== Segment start ==
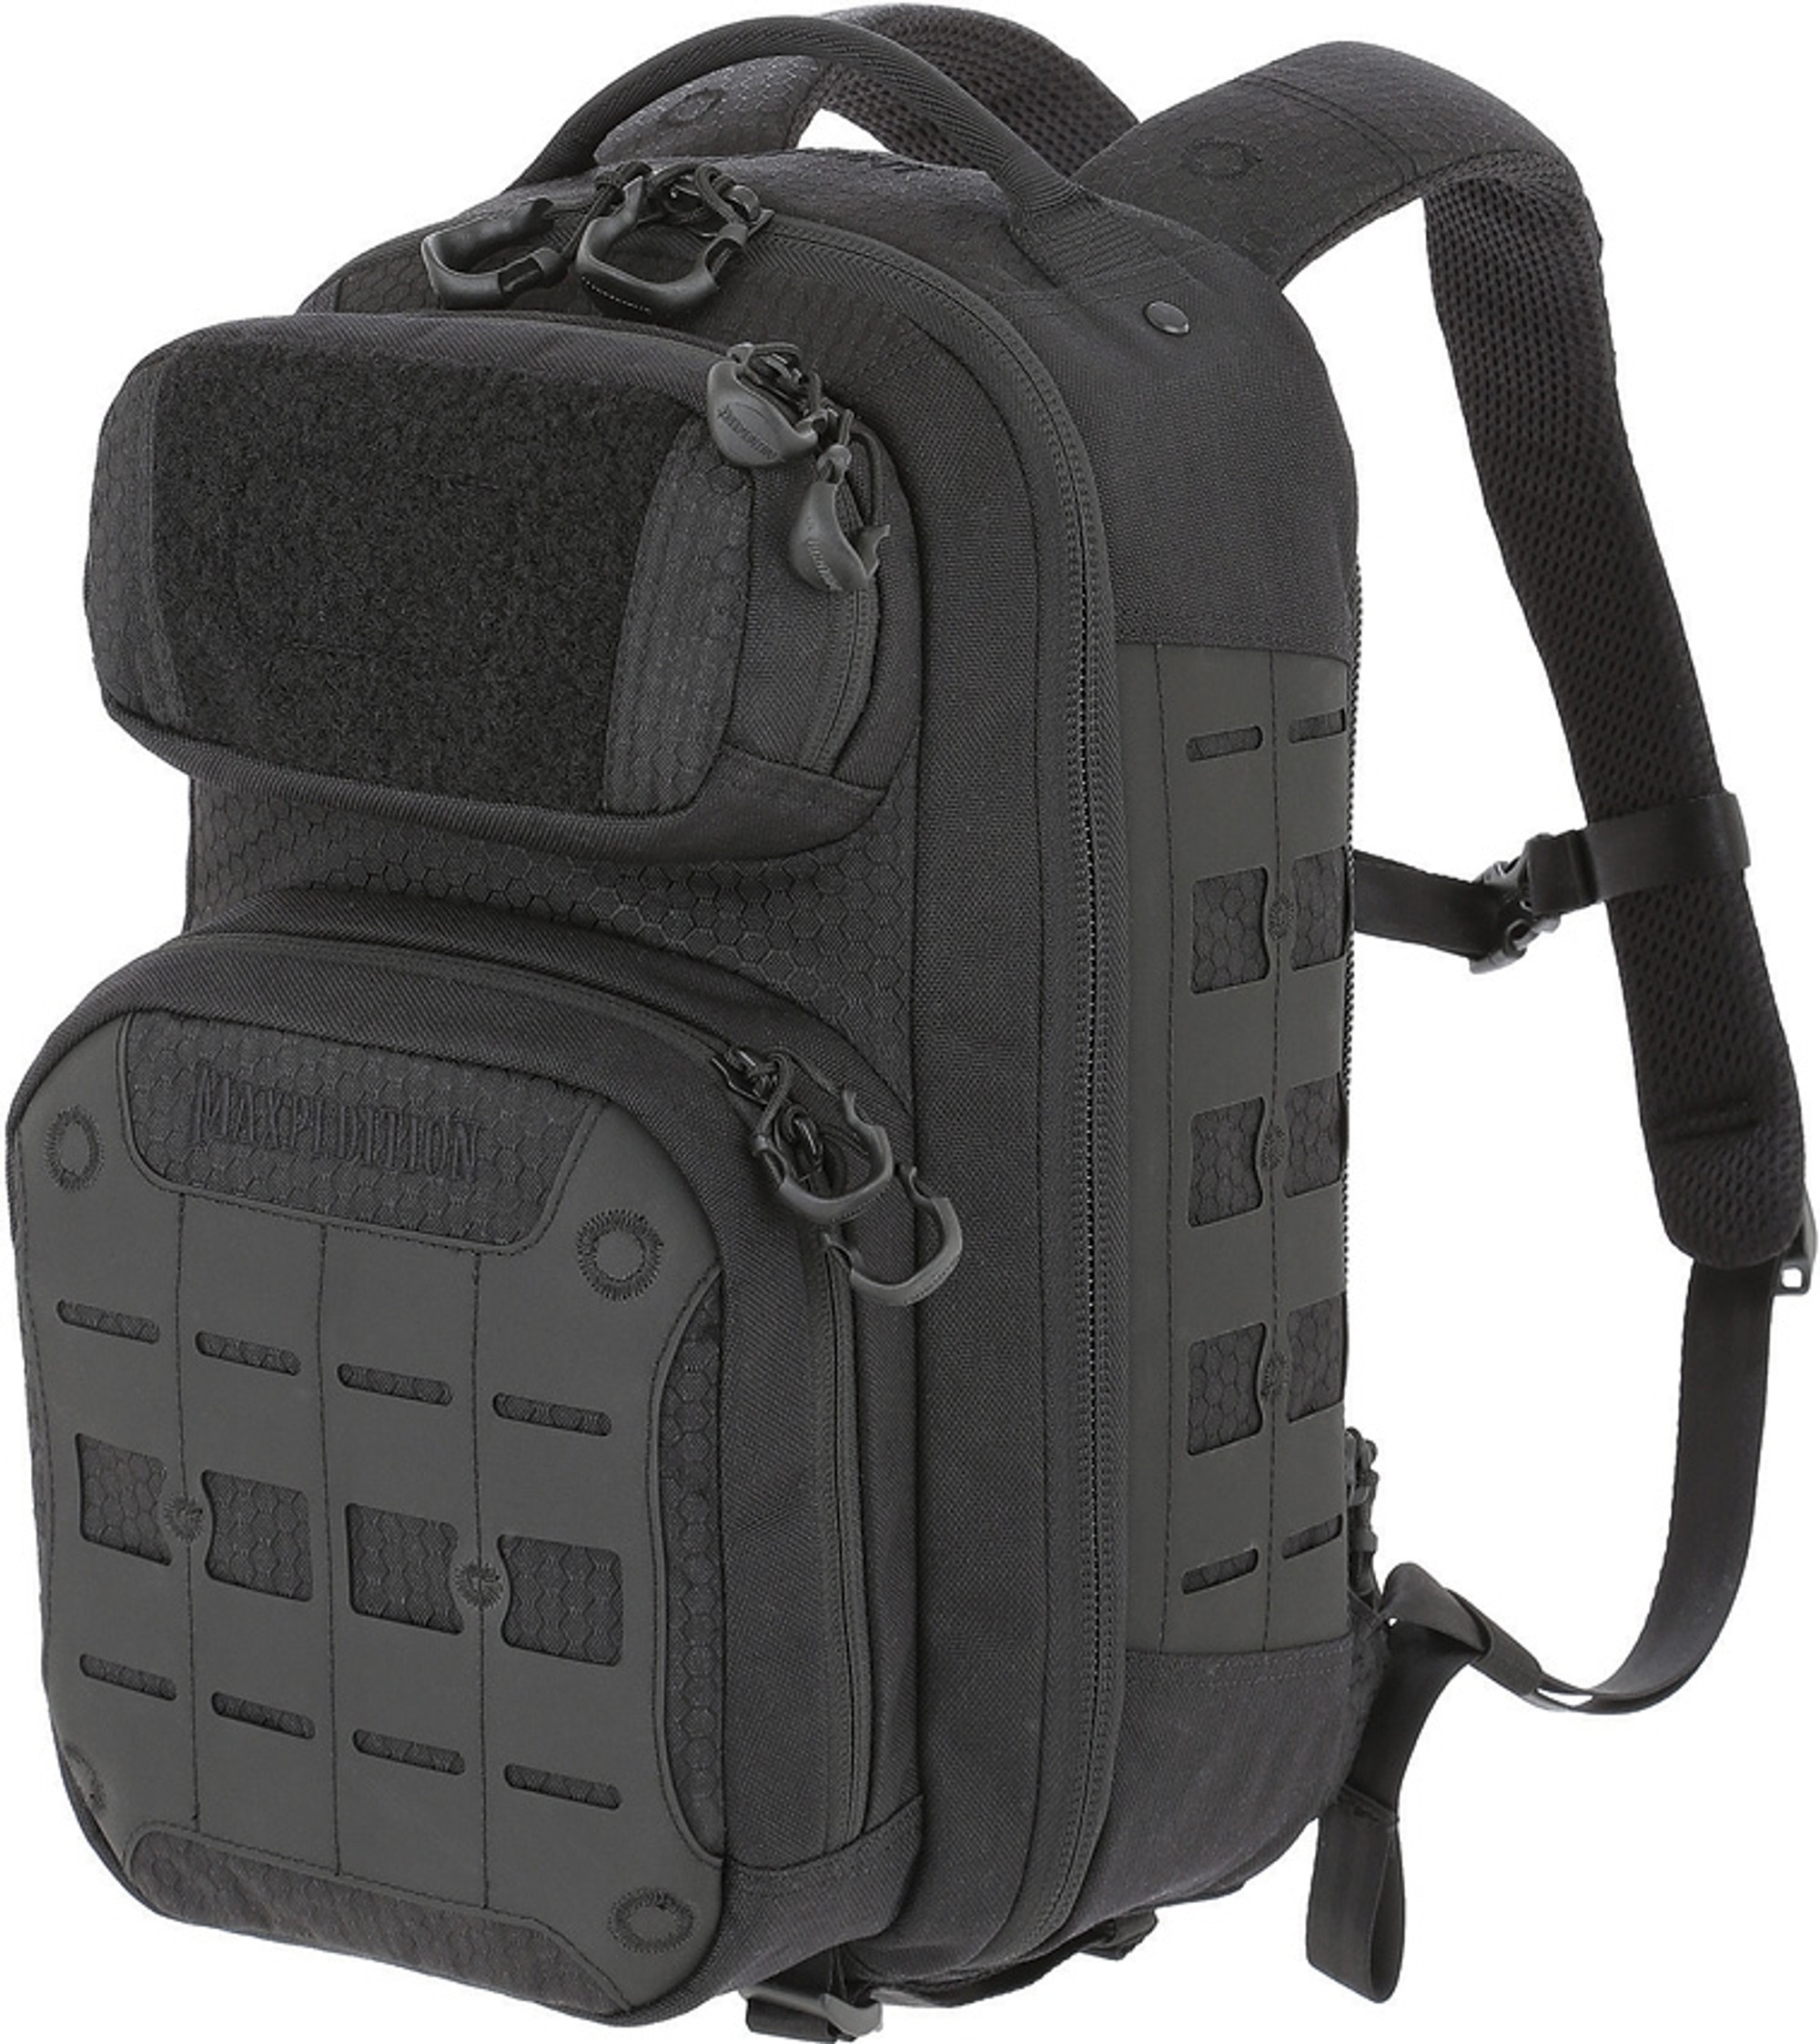 AGR Riftpoint Backpack Black
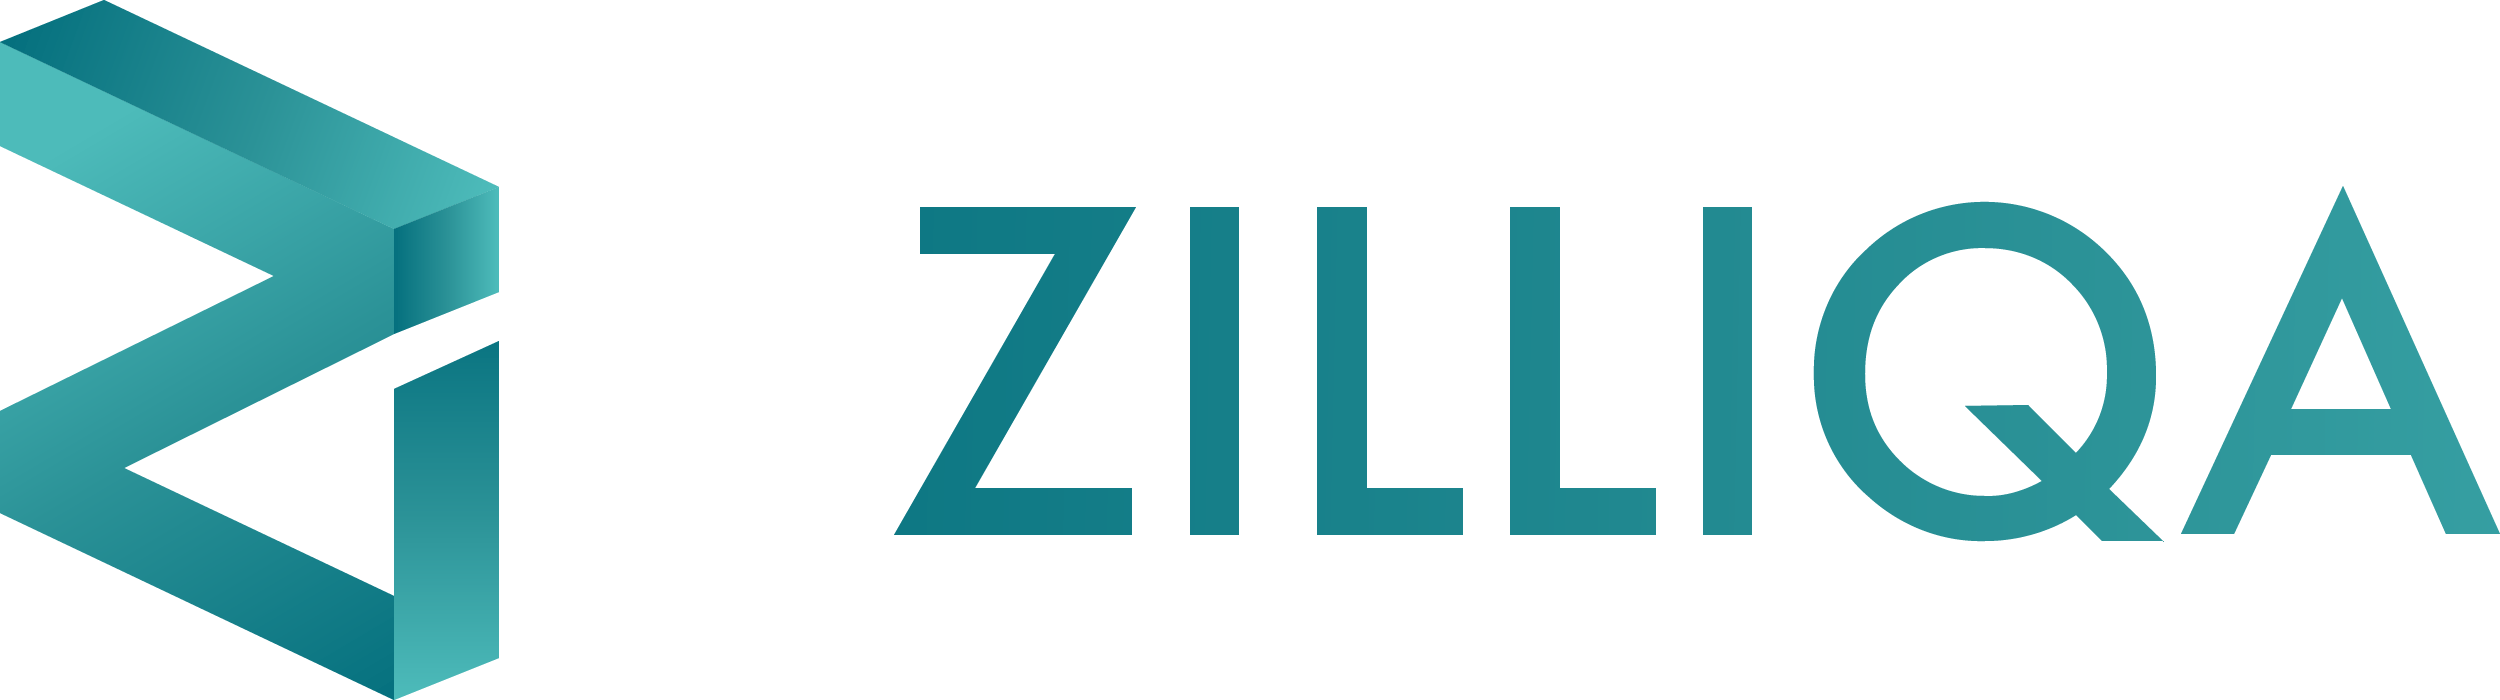 Logotipo de Zilliqa
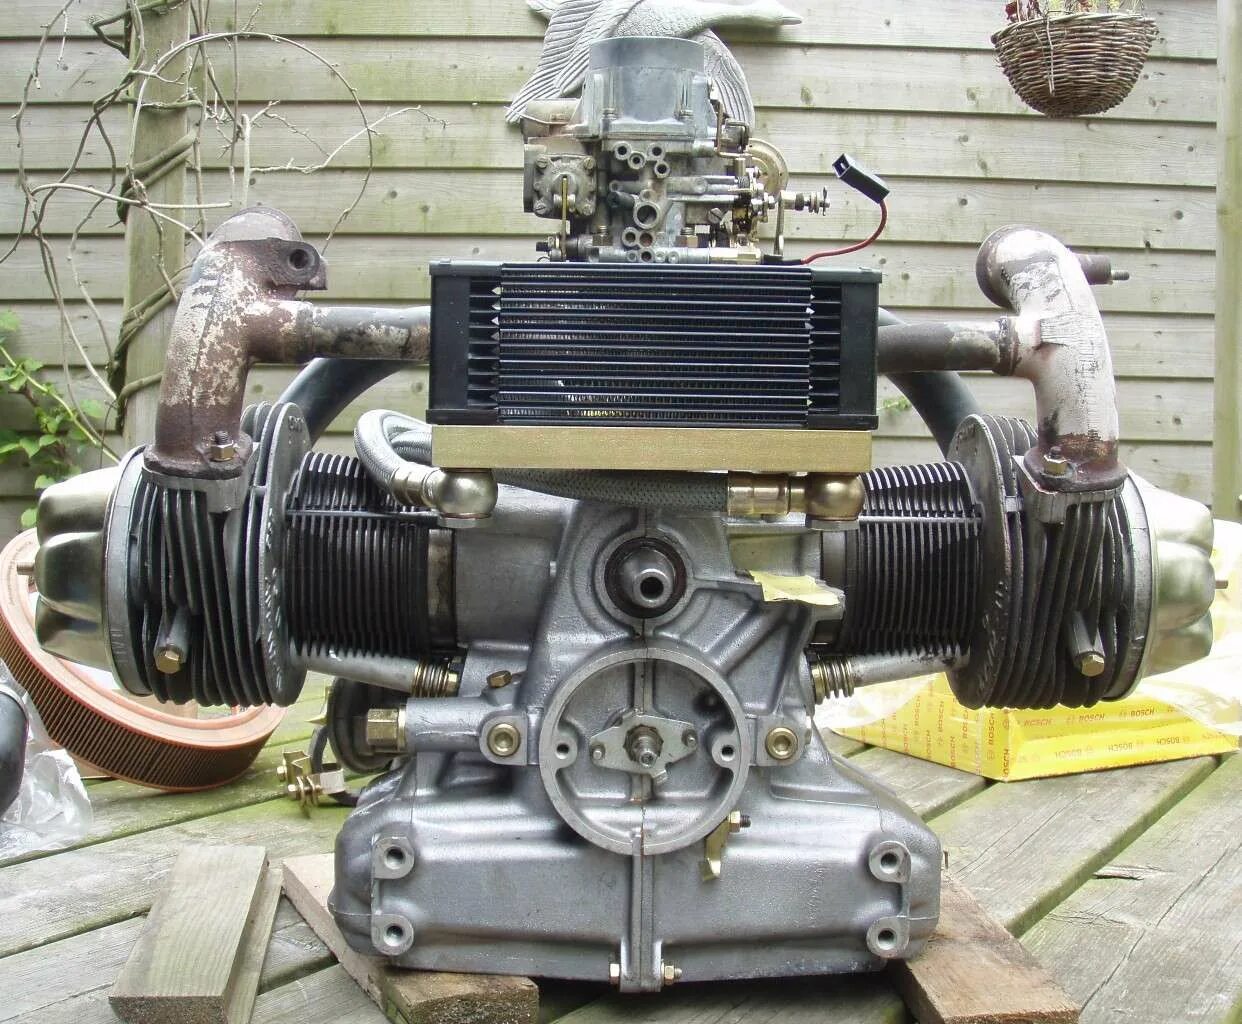 Мотор св. Citroen 2cv двигатель. Оппозитный двигатель Ситроен 2cv. Citroen 2cv engine. Двухцилиндровый оппозитный двигатель Ситроен 2cv.
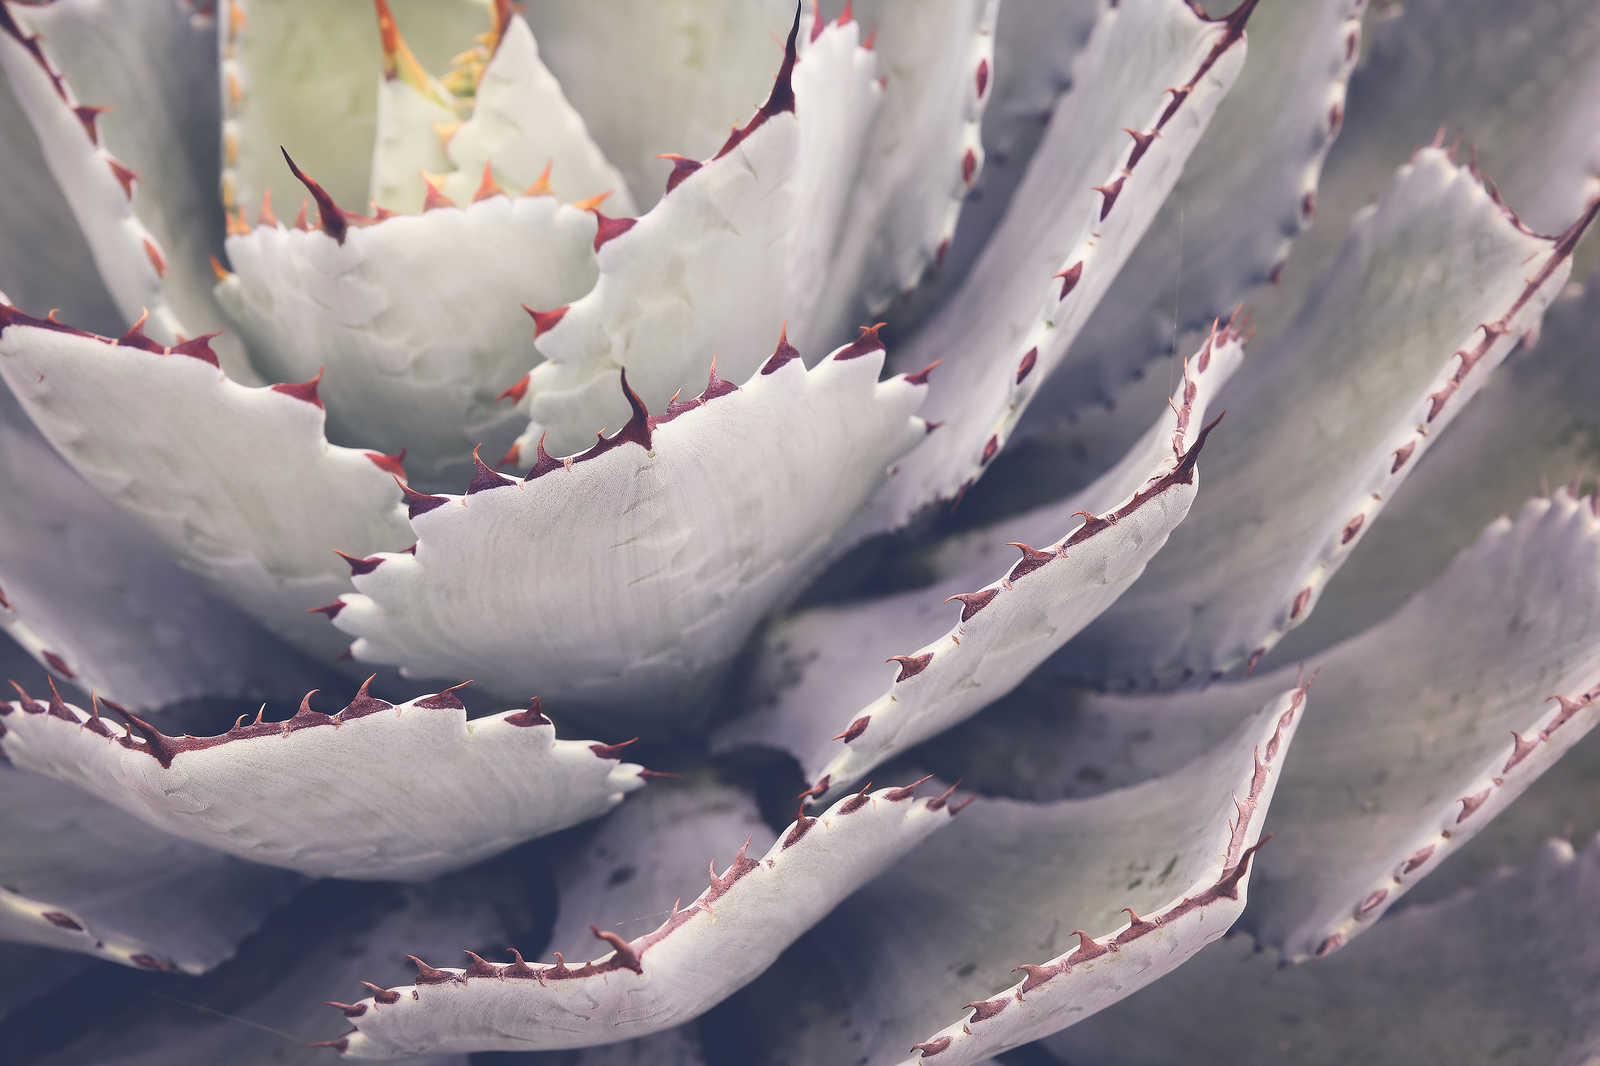             Leinwandbild mit Nahaufnahme von einem Kaktus – 0,90 m x 0,60 m
== Segment end ==
Return, exactly and without extra lines, everything from the line with "Logotipo de Zilliqa" through the last line of the material above, both included. Pictures must be dropped.

§ Answer
 Logotipo de Zilliqa
 Мотор св. Citroen 2cv двигатель. Оппозитный двигатель Ситроен 2cv. Citroen 2cv engine. Двухцилиндровый оппозитный двигатель Ситроен 2cv.
             Leinwandbild mit Nahaufnahme von einem Kaktus – 0,90 m x 0,60 m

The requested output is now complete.